+++ DATASET EXCERPT +++

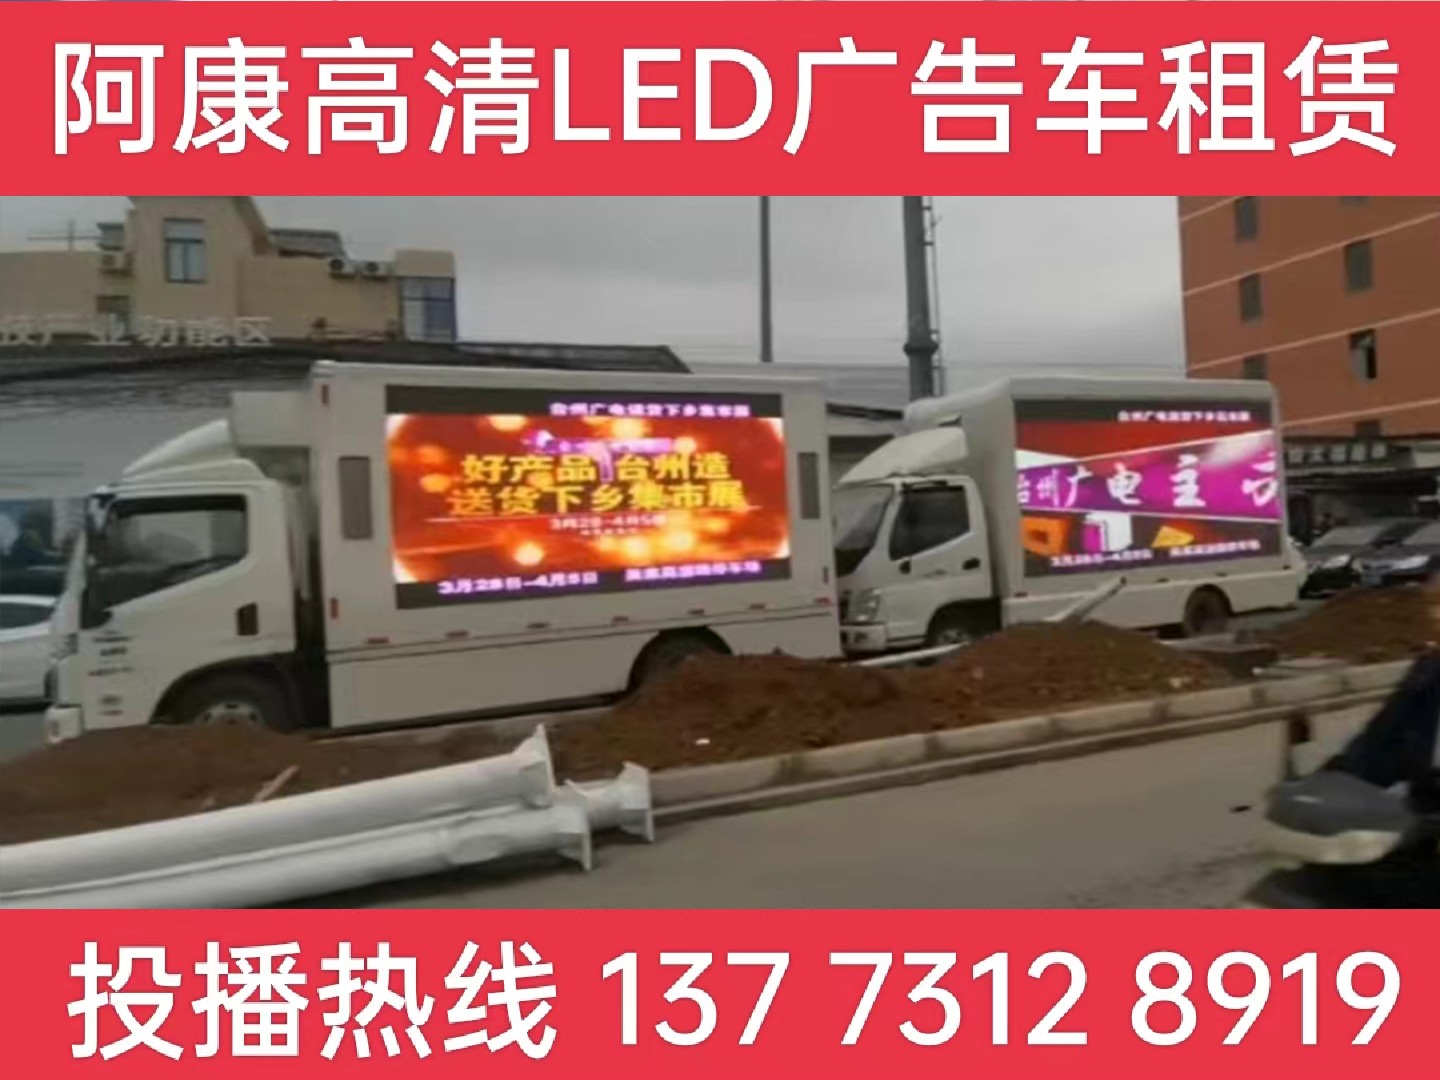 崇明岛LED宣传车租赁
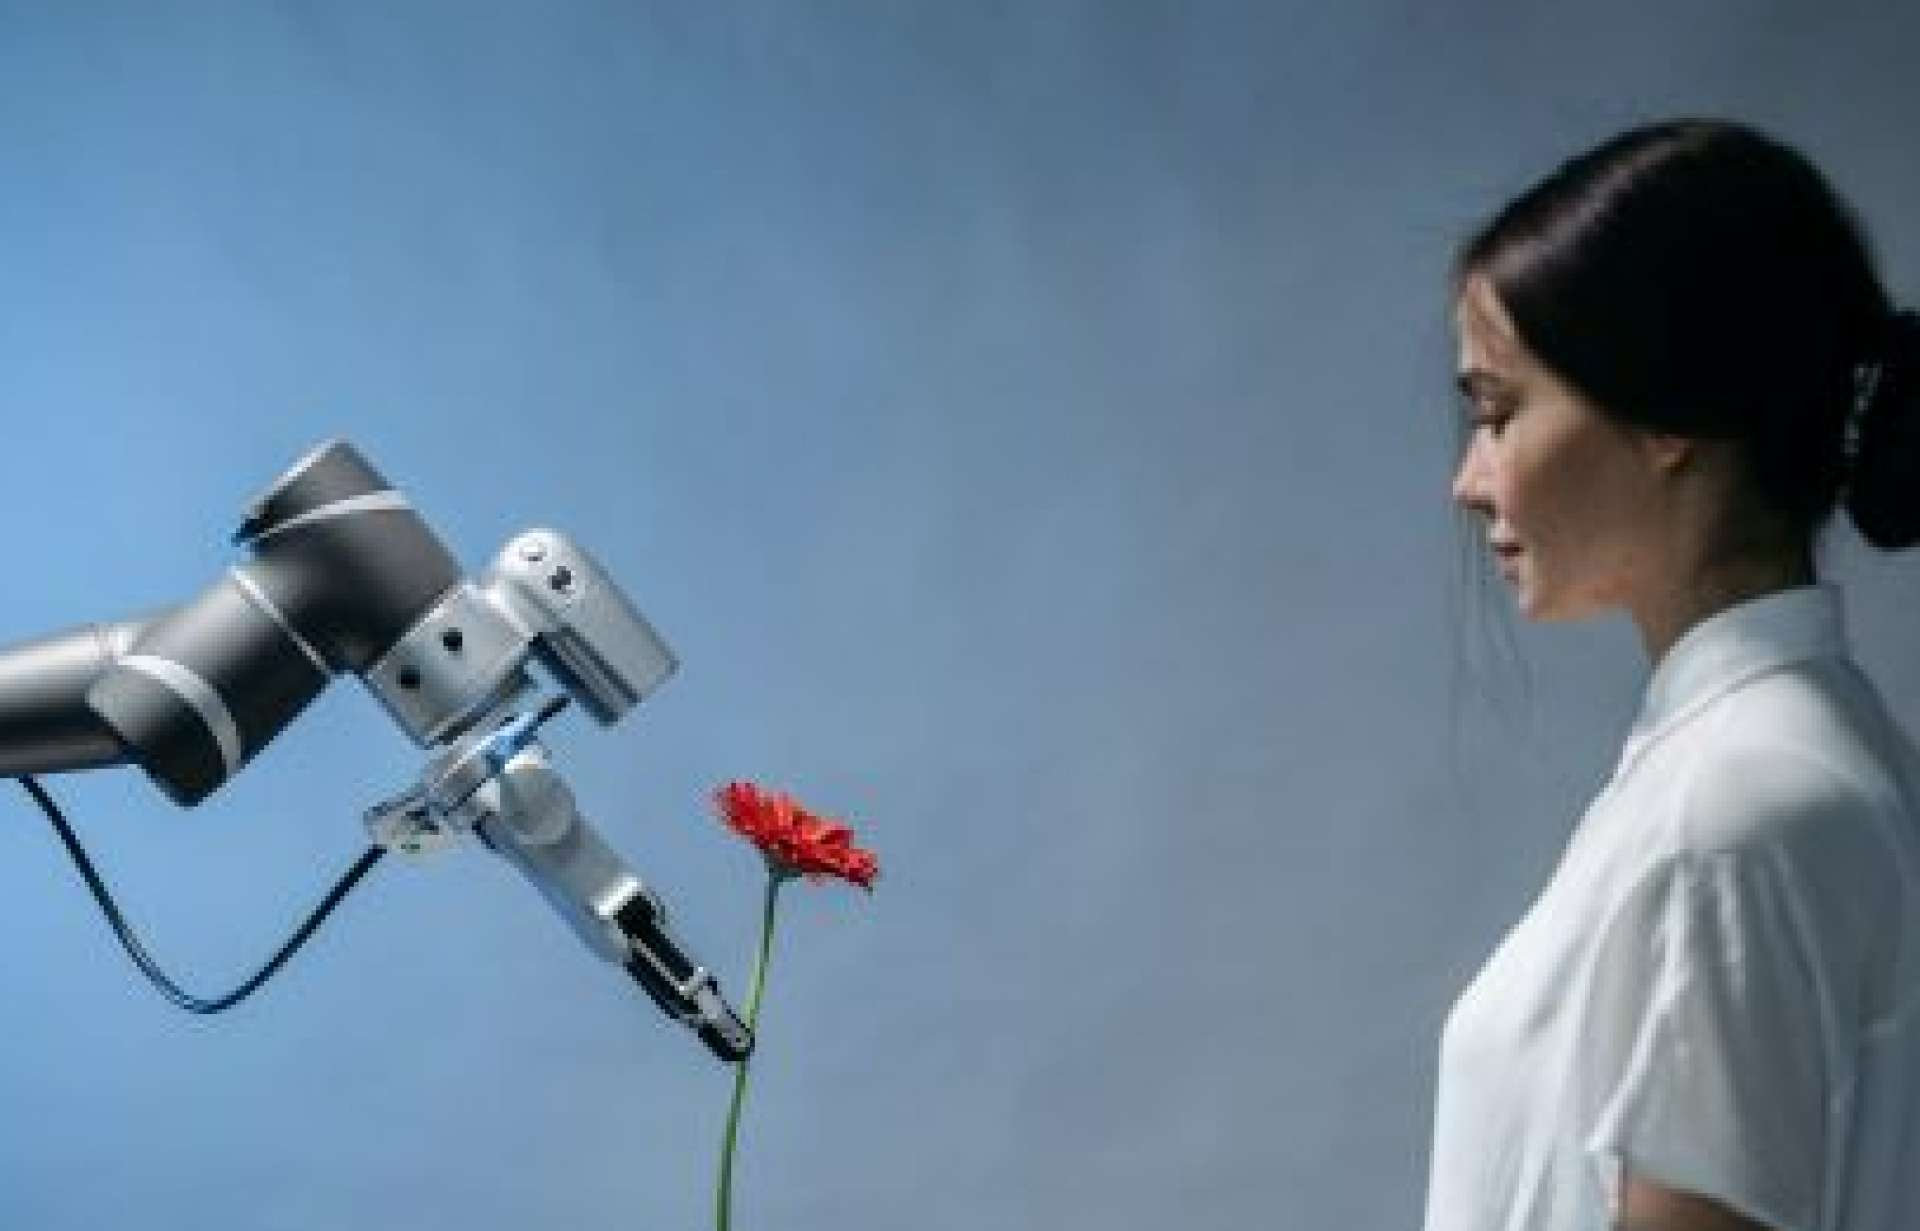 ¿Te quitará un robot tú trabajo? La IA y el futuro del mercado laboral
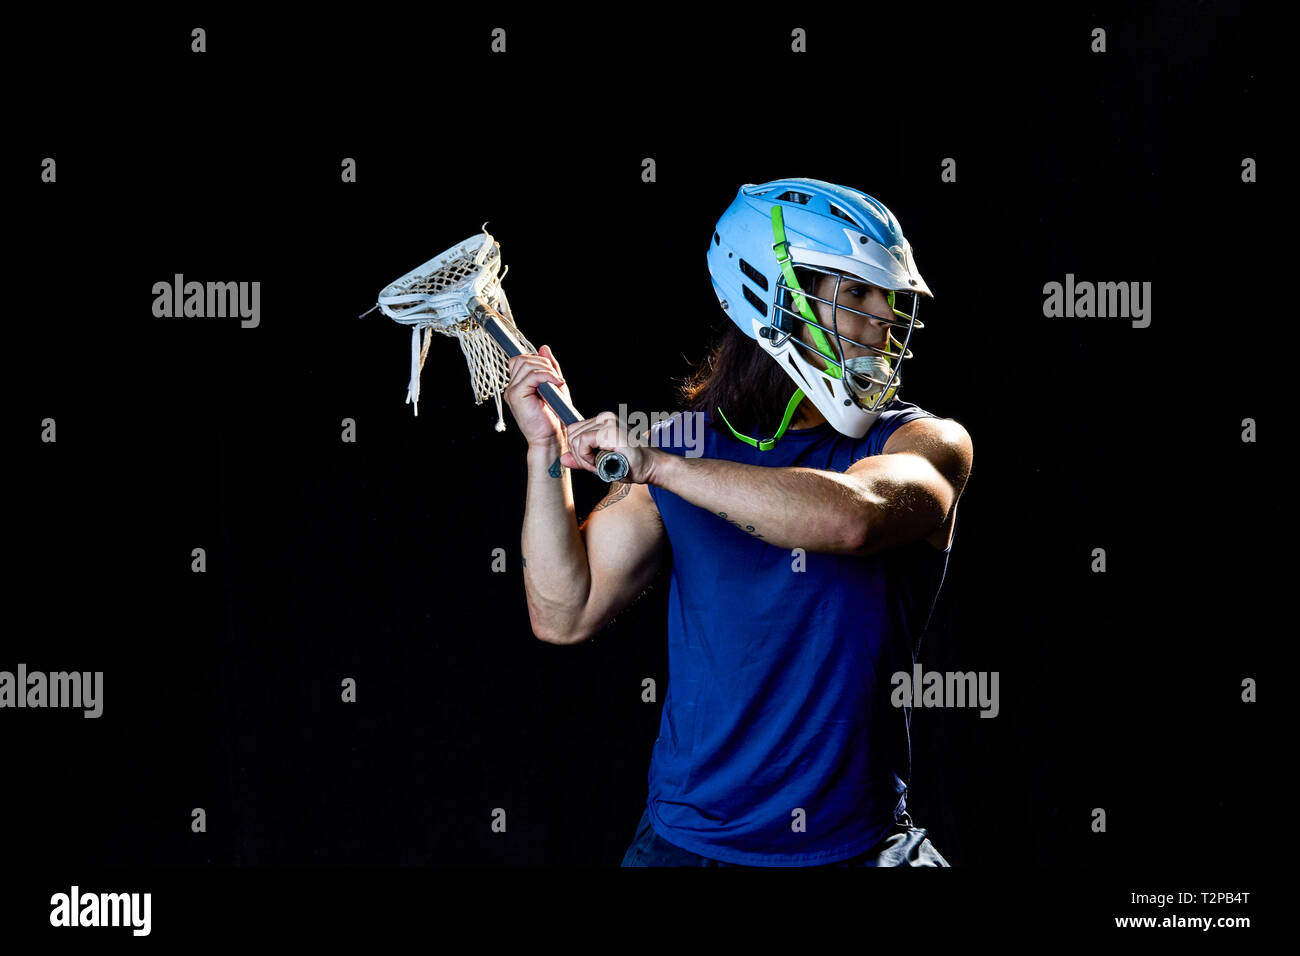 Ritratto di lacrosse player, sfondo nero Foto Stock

+++

## EXERCISE
The expected result is the data above in exact form, free of pictures.

## OUTPUT
 崇明岛LED宣传车租赁
 ¿Te quitará un robot tú trabajo? La IA y el futuro del mercado laboral
 Ritratto di lacrosse player, sfondo nero Foto Stock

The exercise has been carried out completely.